◆ **RAW DATA**
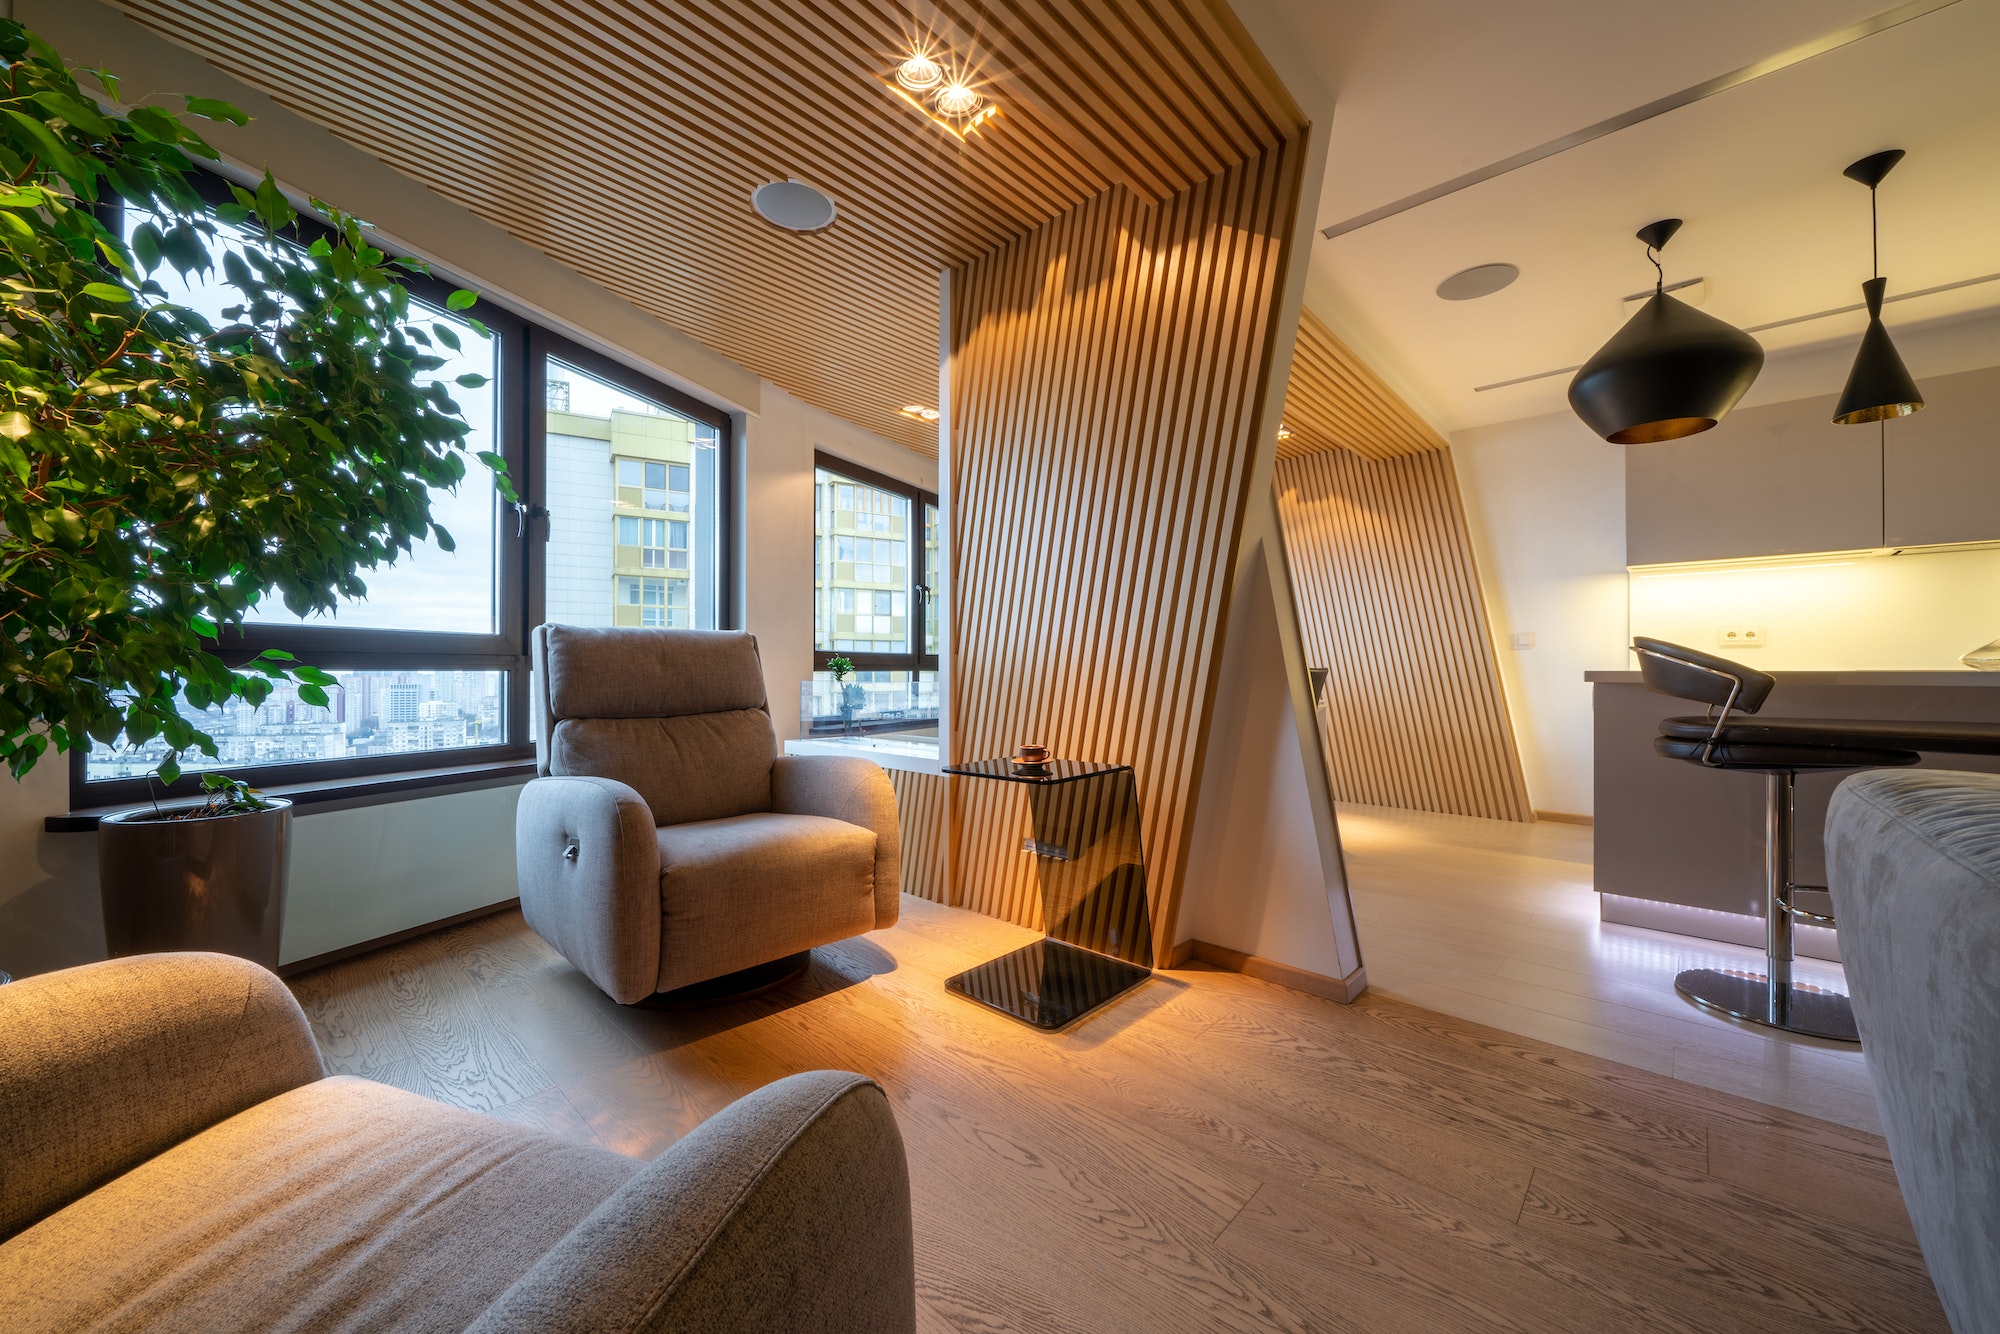 Luxury studio apartments in wooden colors with soft armchairs
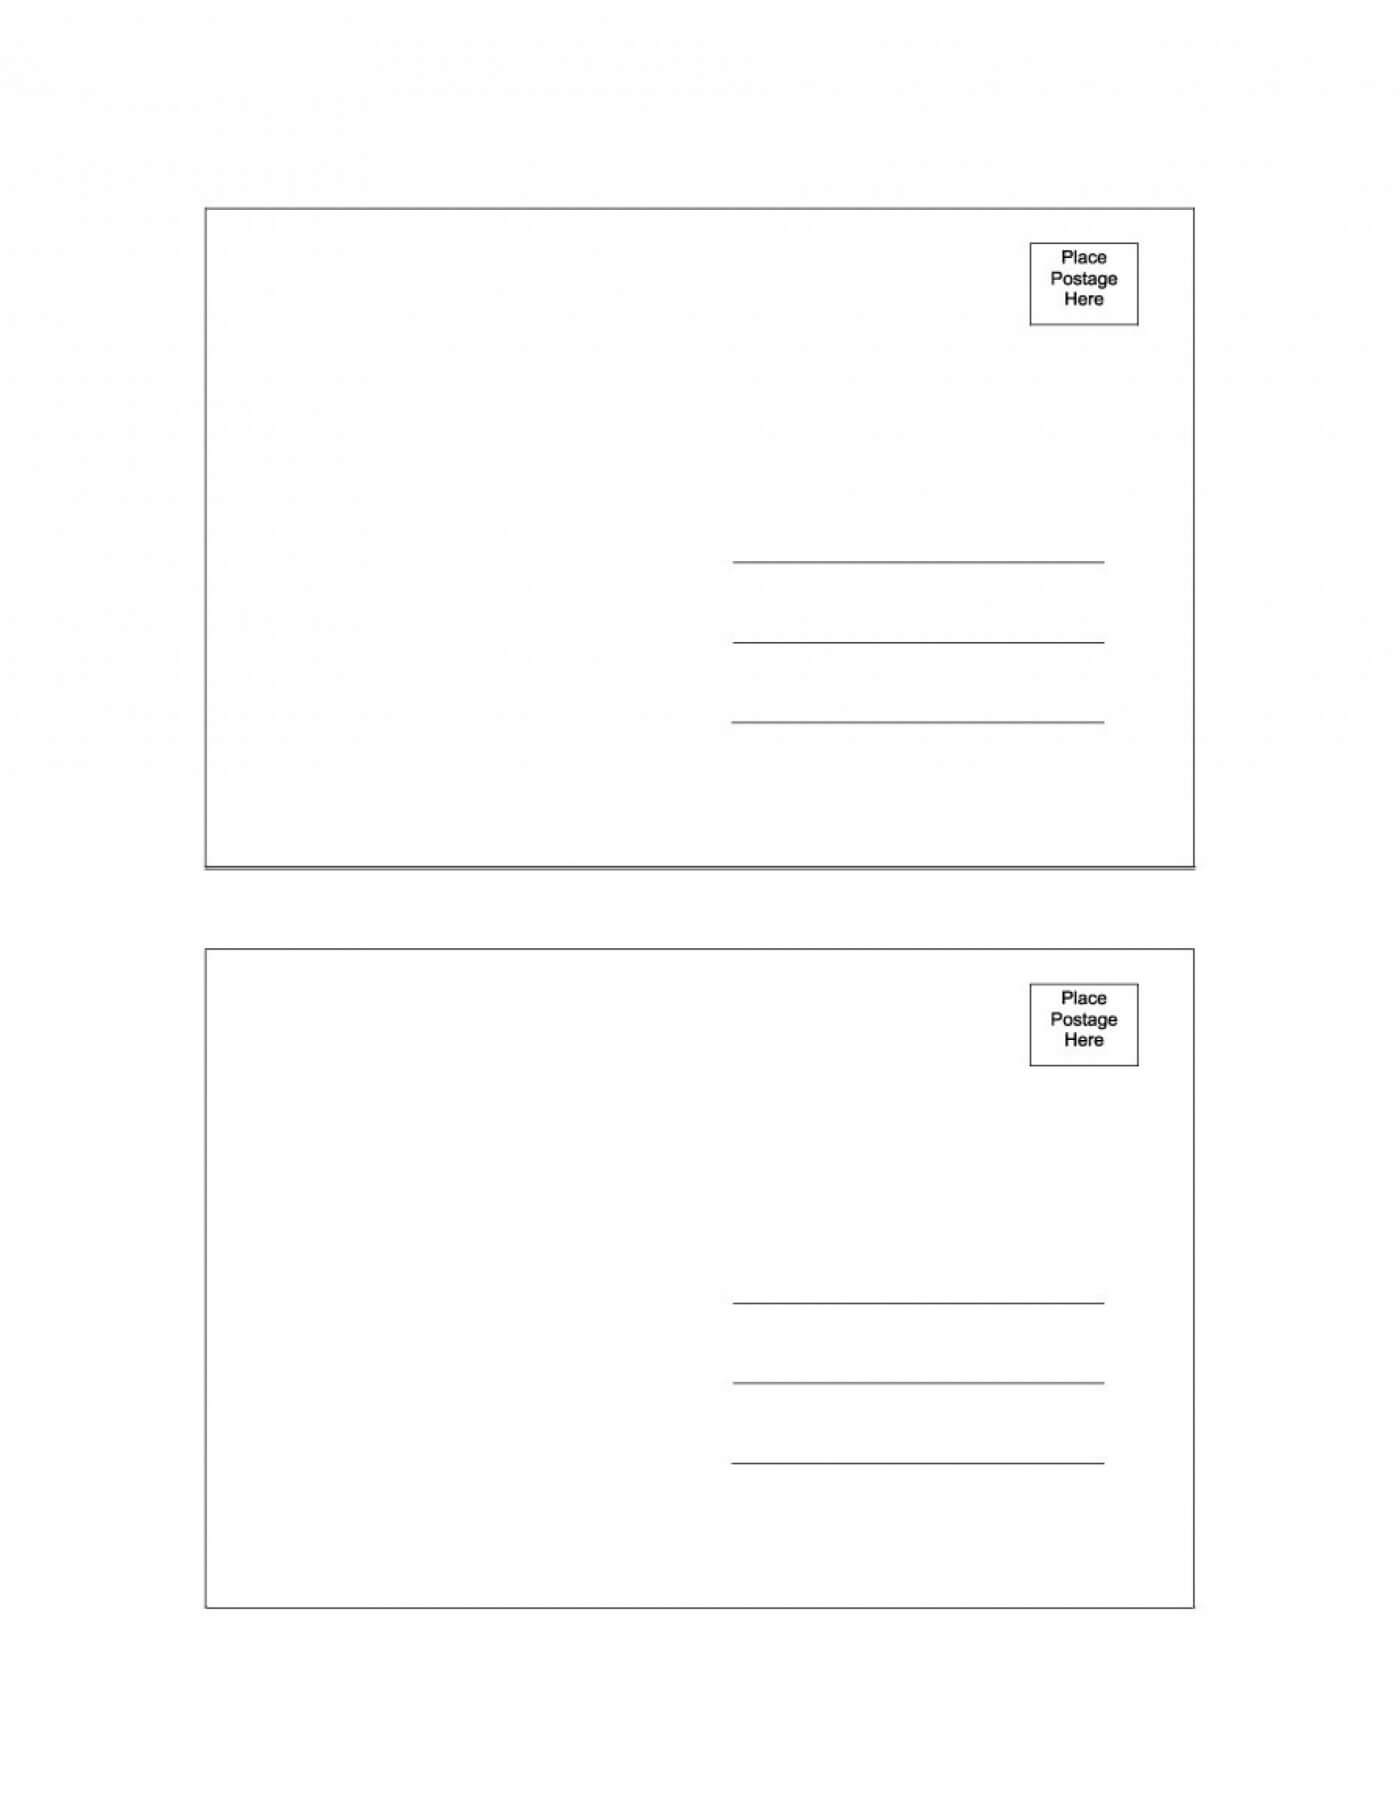 001 5X7 Postcard Template For Word Top Ideas 5 X 7 Microsoft With 5X7 Postcard Template
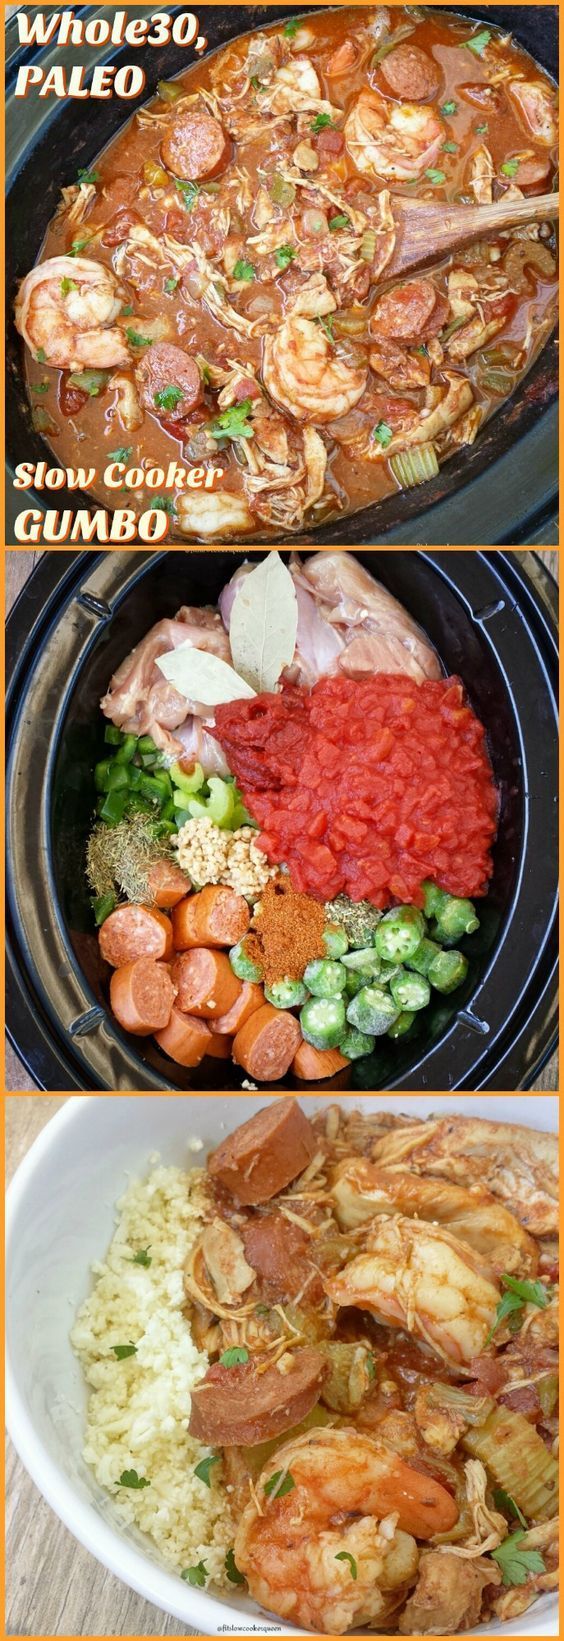 Crockpot / Slow Cooker whole30 paleo – Packed with Creole and Cajun flavors, this easy gumbo recipe is sure to please. Not just
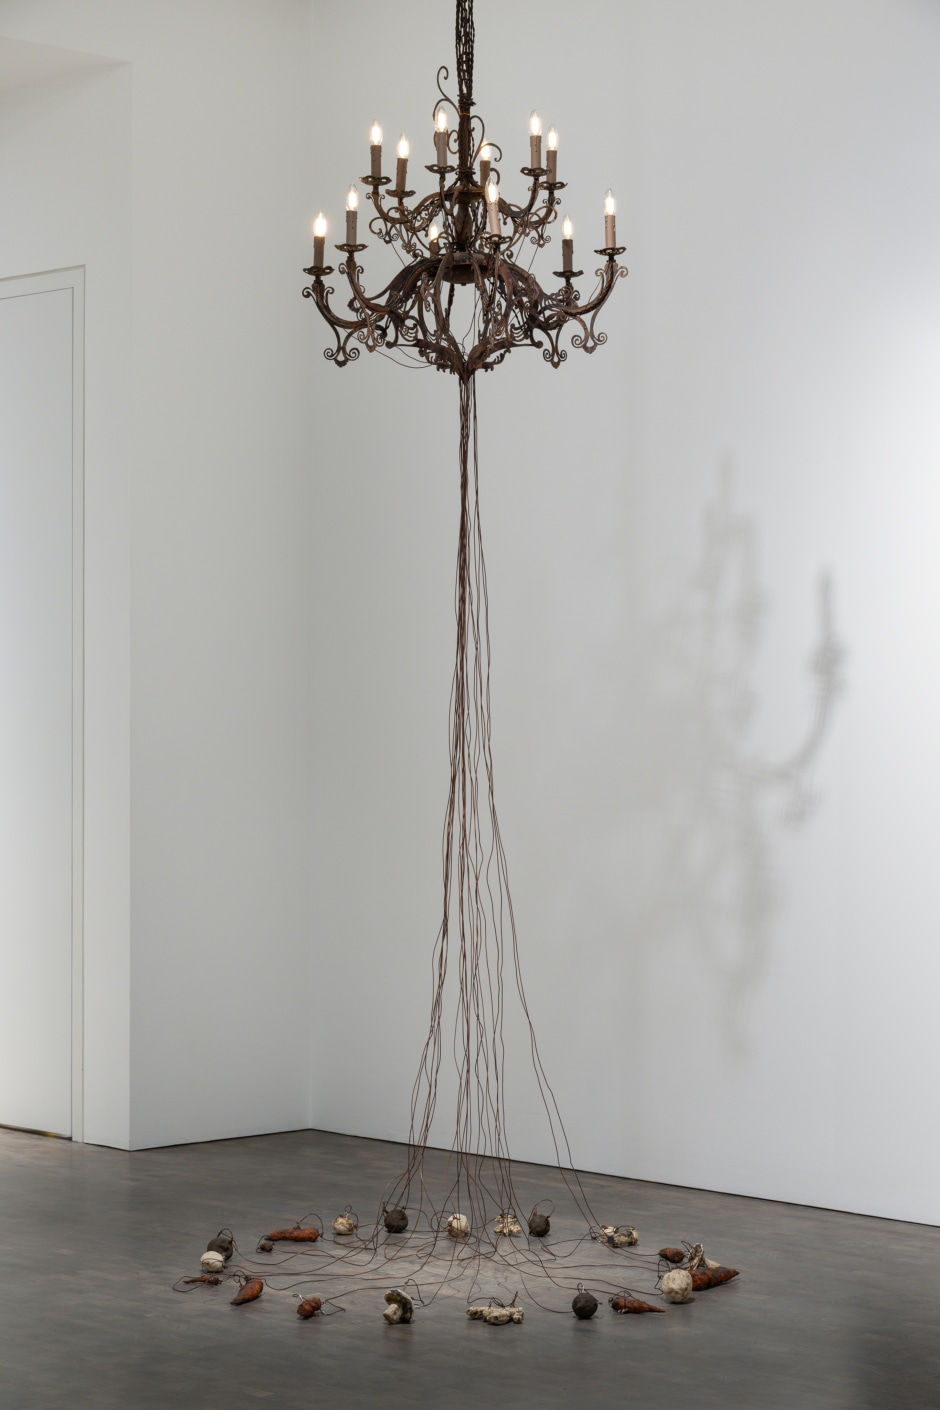 Paulina Olowska and Jessica Segall  Electrical Vegetables Chandelier , 2023  metal chandelier and vegetable ceramics  installation dimensions 532 x 120 x 120 / 209 ½ x 47 ¼ x 47 ¼ in.  © Paulina Olowska and Jessica Segall. Courtesy Pace Gallery.

◆ **TASK DESCRIPTION**
With the pictures omitted, copy exactly the lines from the line that contains "001 5X7 Postcard" through the end of the material.

◆ **EXERCISE ANSWER**
 001 5X7 Postcard Template For Word Top Ideas 5 X 7 Microsoft With 5X7 Postcard Template
 Crockpot / Slow Cooker whole30 paleo – Packed with Creole and Cajun flavors, this easy gumbo recipe is sure to please. Not just
 Paulina Olowska and Jessica Segall  Electrical Vegetables Chandelier , 2023  metal chandelier and vegetable ceramics  installation dimensions 532 x 120 x 120 / 209 ½ x 47 ¼ x 47 ¼ in.  © Paulina Olowska and Jessica Segall. Courtesy Pace Gallery.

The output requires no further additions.